Я вспомнила, как к лицу ему был в Александрии мусульманский наряд.
Это, конечно, было остроумно, но совсем не верно: он считал себя христианином. Иное дело, что душа у него была расколота: «Два супостата в нас есть непрестанно борющася…»
У меня возникла совсем уж парадоксальная мысль. Я вспомнила его первую жену Ингу, которая, несмотря на уже весьма преклонный возраст, оставалась красавицей, свою крестницу Ольгу, Наташу и еще многих, кого он привораживал, а потом ускользал. И я вдруг подумала, что он, скорее, такой мирской «монах», от слова «монос»: с кем бы ни был, а всегда один. И даже когда он (почти всегда) метался между двух женщин, от одной прятался, а другой назначал свидание. Но две — это значит ни одной. Все это было суетно, хлопотно, игра не стоила свеч, поскольку вскоре эти женщины терялись из вида, оставляя едва не враждебные чувства. Однажды, поговорив с одной из них по телефону при мне, не скрывая раздражения, он с горечью произнес:
— Вот у тебя бывает такое? Вроде бы человек желает тебе только хорошего, старается, не глупый, заботливый, ты это понимаешь, ценишь, а ты иногда смотришь на него и… просто бесишься, так он тебе противен.. Просто до ненависти…
Он страдал от этого.
Вот — из его «Ожидание обезьян». Внутренний разговор героя/автора:
«— Слушай! Что это мы с тобой ни разу одну бабу не полюбили?

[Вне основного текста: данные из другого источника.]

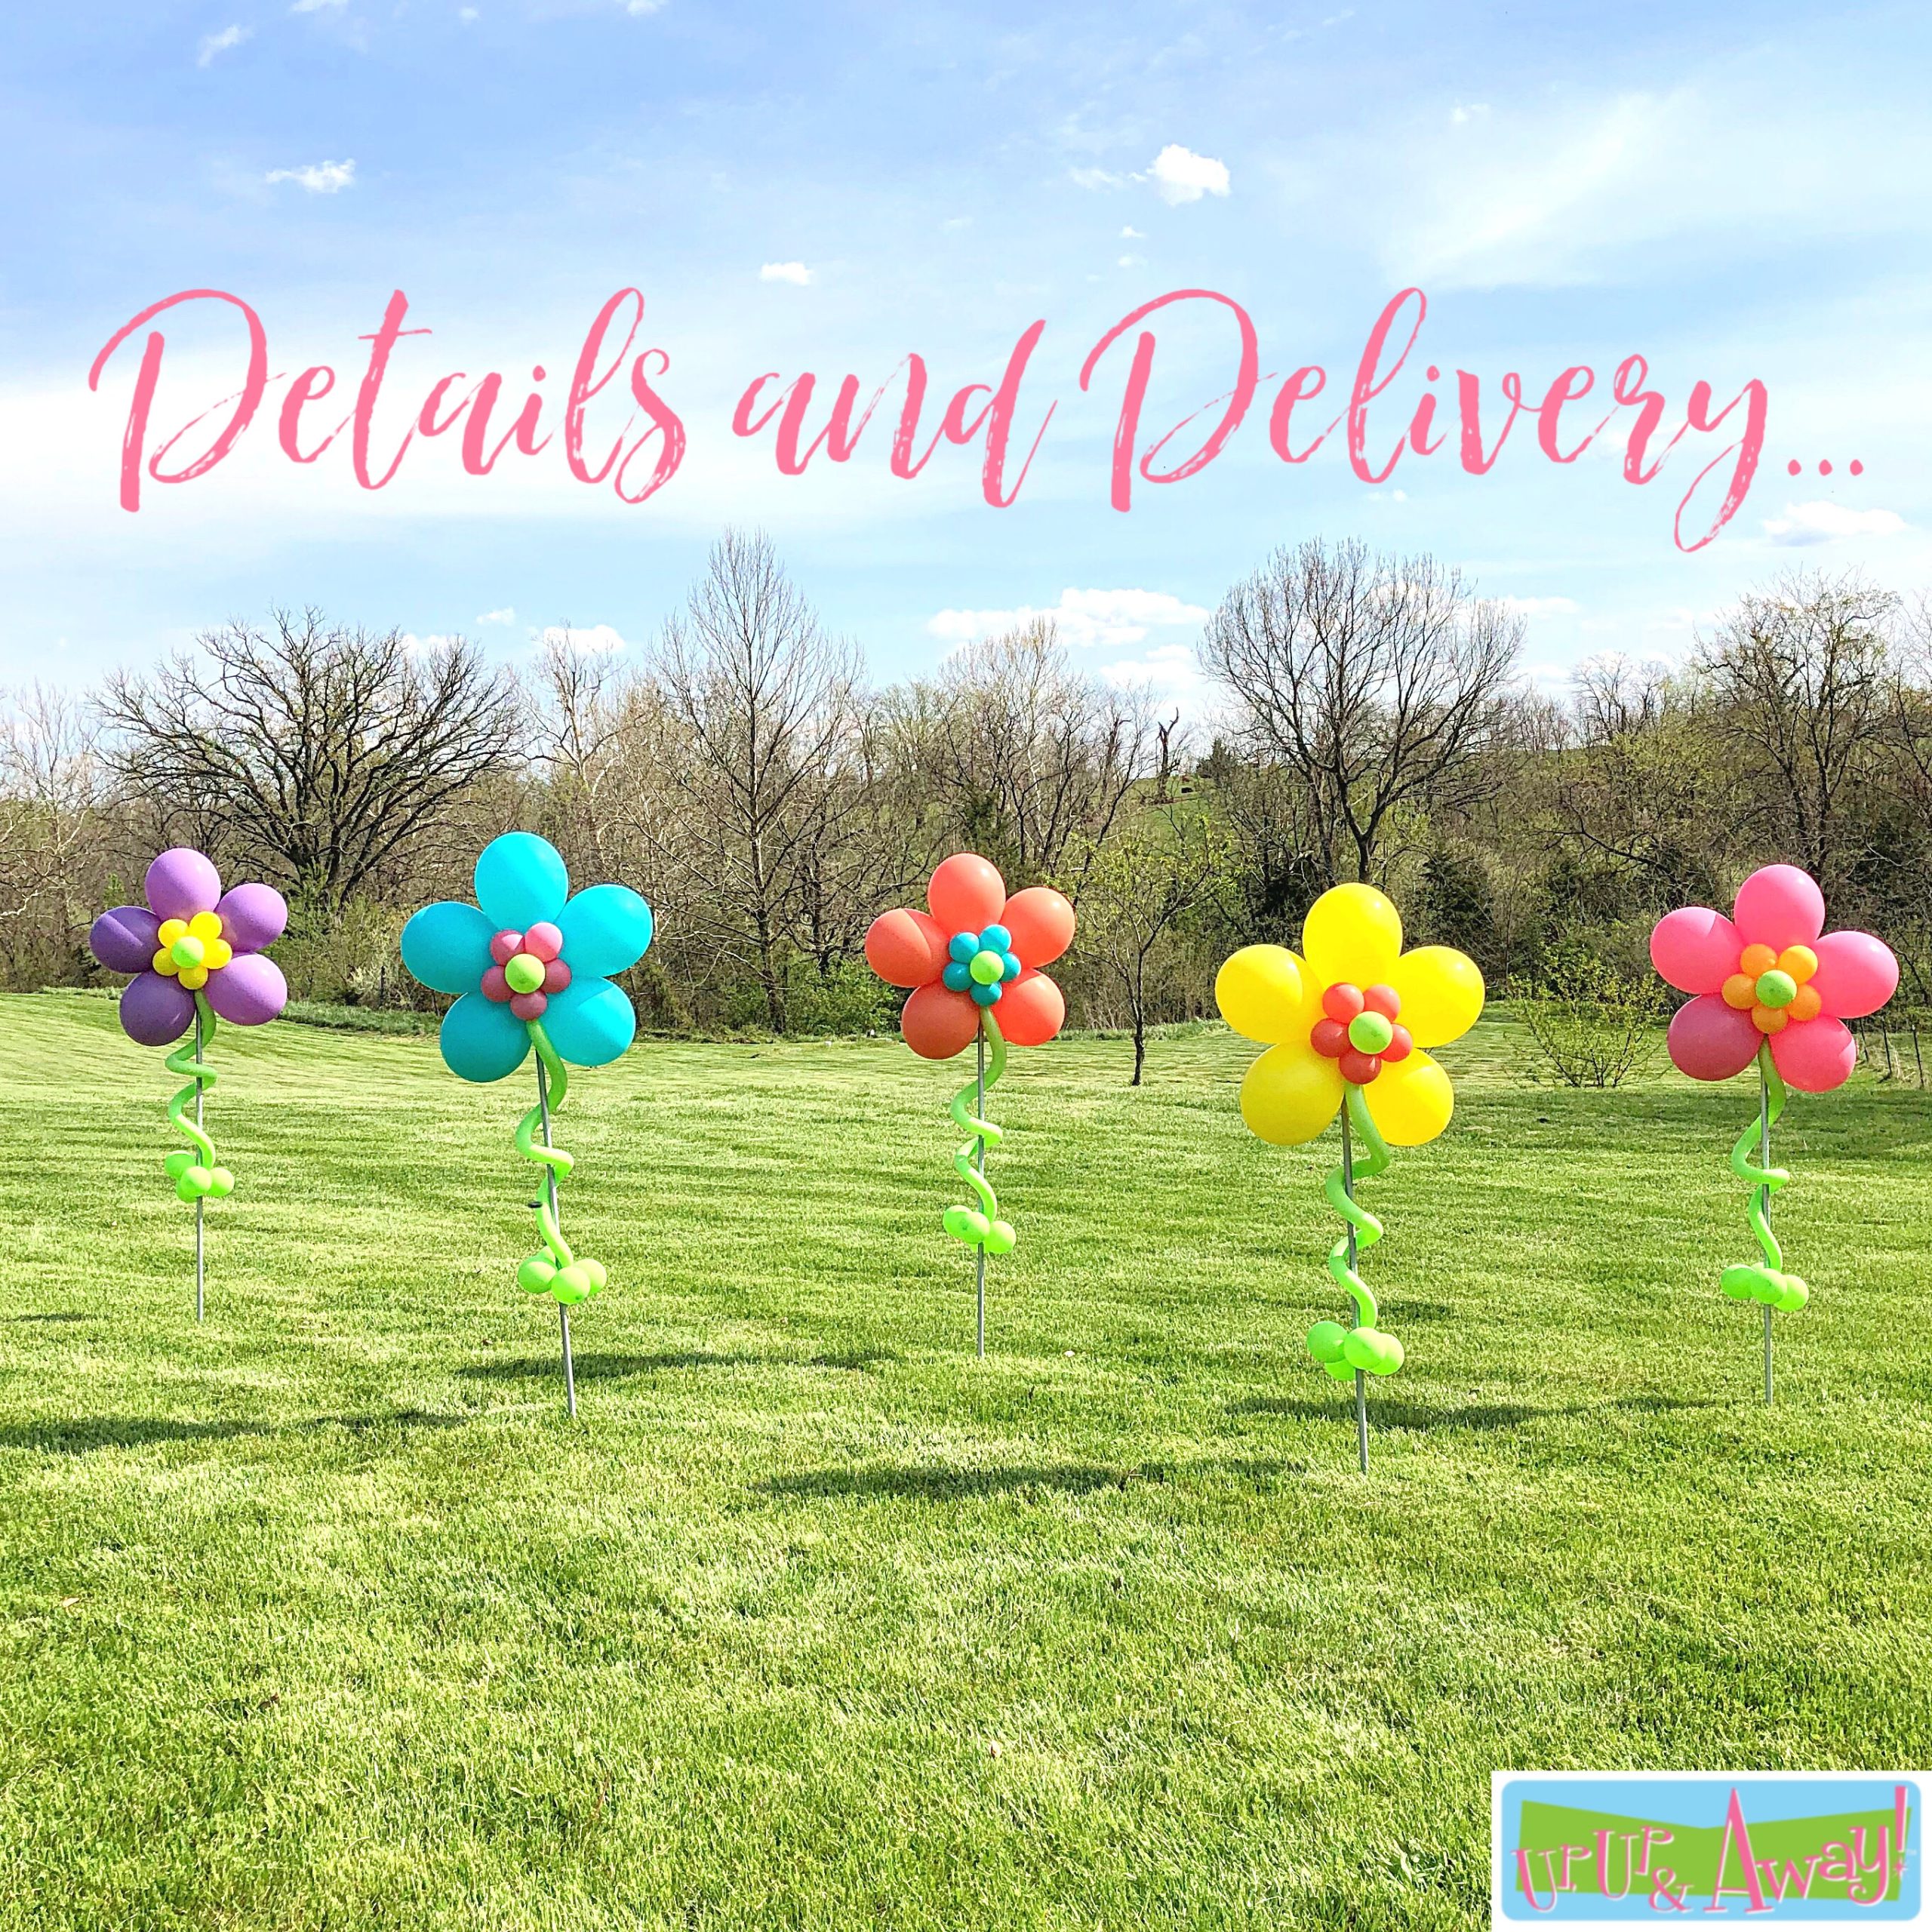 Details and Delivery | Up, Up & Away! Balloons

— А мне твои никогда не нравились. А моих ты стеснялся.
— Что ж, уж совсем ни одной, чтоб подошла обоим?
— Это уже любовь называется.
— Что ж, разве мы не любили ни разу?
— Ты думаешь, вам БЕЗ МЕНЯ (выделено мной. — О.Н.) было бы лучше?»
У Азы Алибековны
Мы, к сожалению, часто с ним виделись на похоронах. Вот и встретились у свежевырытой могилы поэта Анатолия Кобенкова на Переделкинском кладбище. После похорон пошли на поминки в столовую Дома творчества, сели рядом. После нескольких поминальных тостов он сказал:
— Что-то мне тошно, а пойдем лучше к тебе?
А у меня как раз шел грандиозный ремонт, приткнуться было некуда, везде шастали строители-украинцы, и вообще я собиралась ехать на именины к Азе Алибековне Тахо-Годи. Был День Натальи, она была крещена с этим именем. Я ему так и сказала.

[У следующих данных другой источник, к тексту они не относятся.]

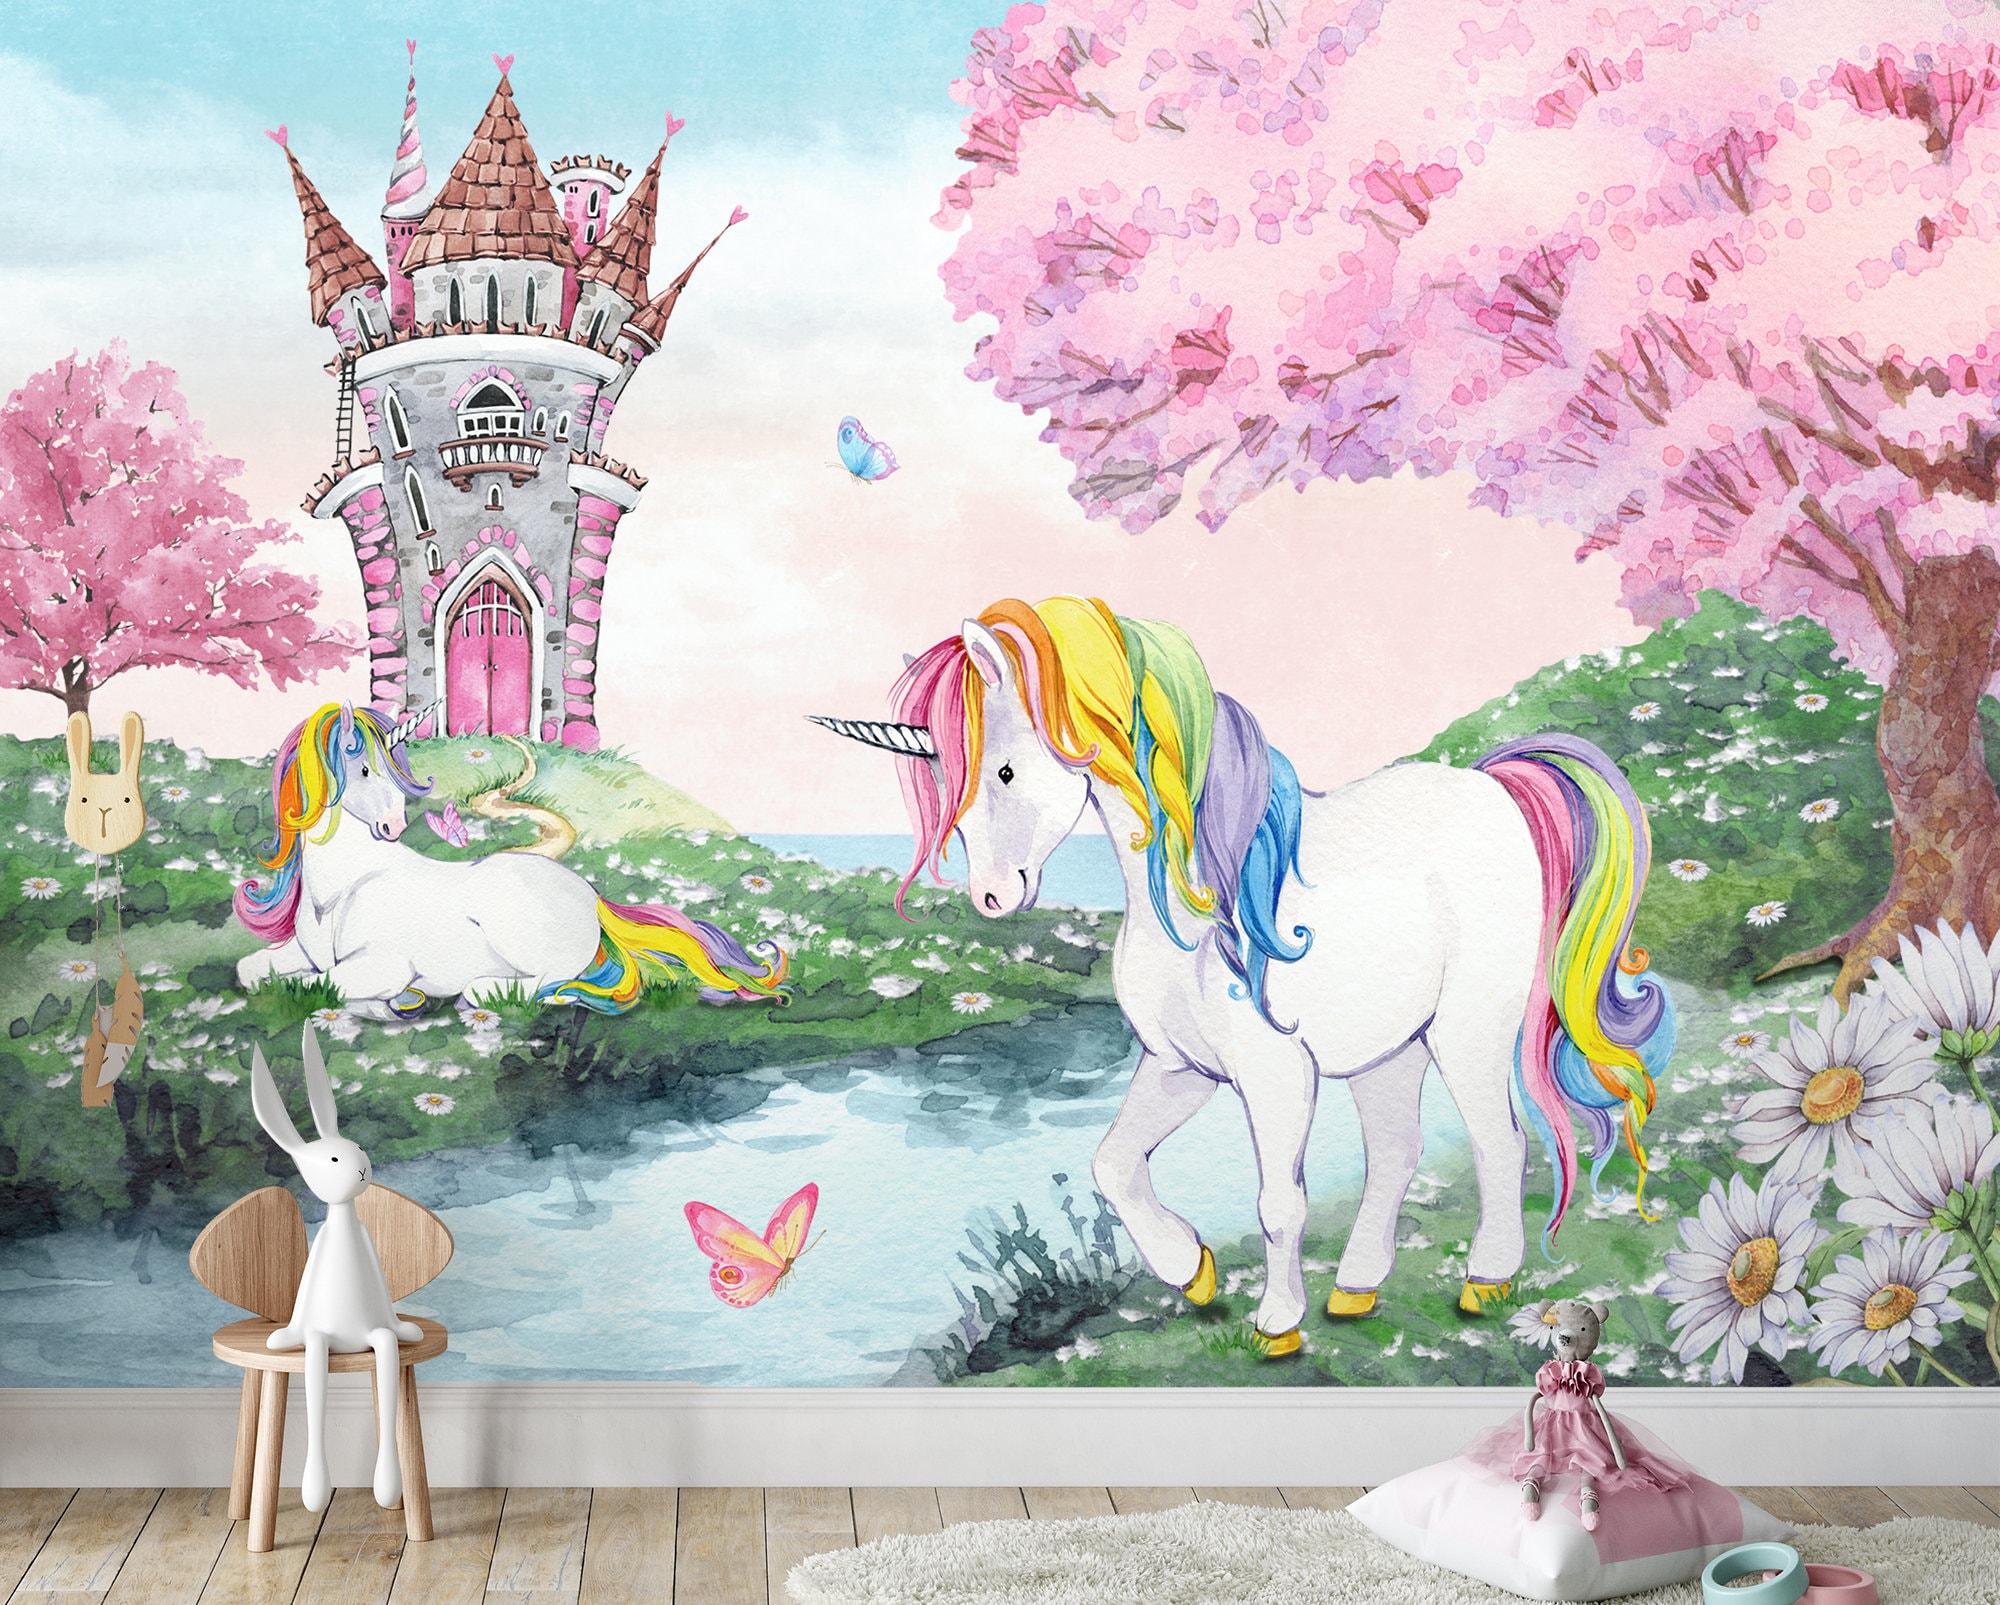 4Sheets Unicorn Wall Decor, Large Size Removable Unicorn Wall Decals S

— А возьми меня с собой, а? — просительно произнес он. — А то дома у меня полно народа, внуки… И мне очень бы хотелось с ней познакомиться. И вообще — хочется пообщаться с приличными людьми.
— Возьму, но если ты обещаешь, что будешь себя хорошо вести и покажешь себя с лучшей стороны…
— Обещаю!
И мы засмеялись оба и поехали.
Он позвонил жене, чтобы ее поздравить, ведь и у нее был День Ангела, и сказал, чтобы она не беспокоилась — он в надежных руках и едет в приличное место:
— Ты будешь рада — я еду на именины к самой Тахо-Годи!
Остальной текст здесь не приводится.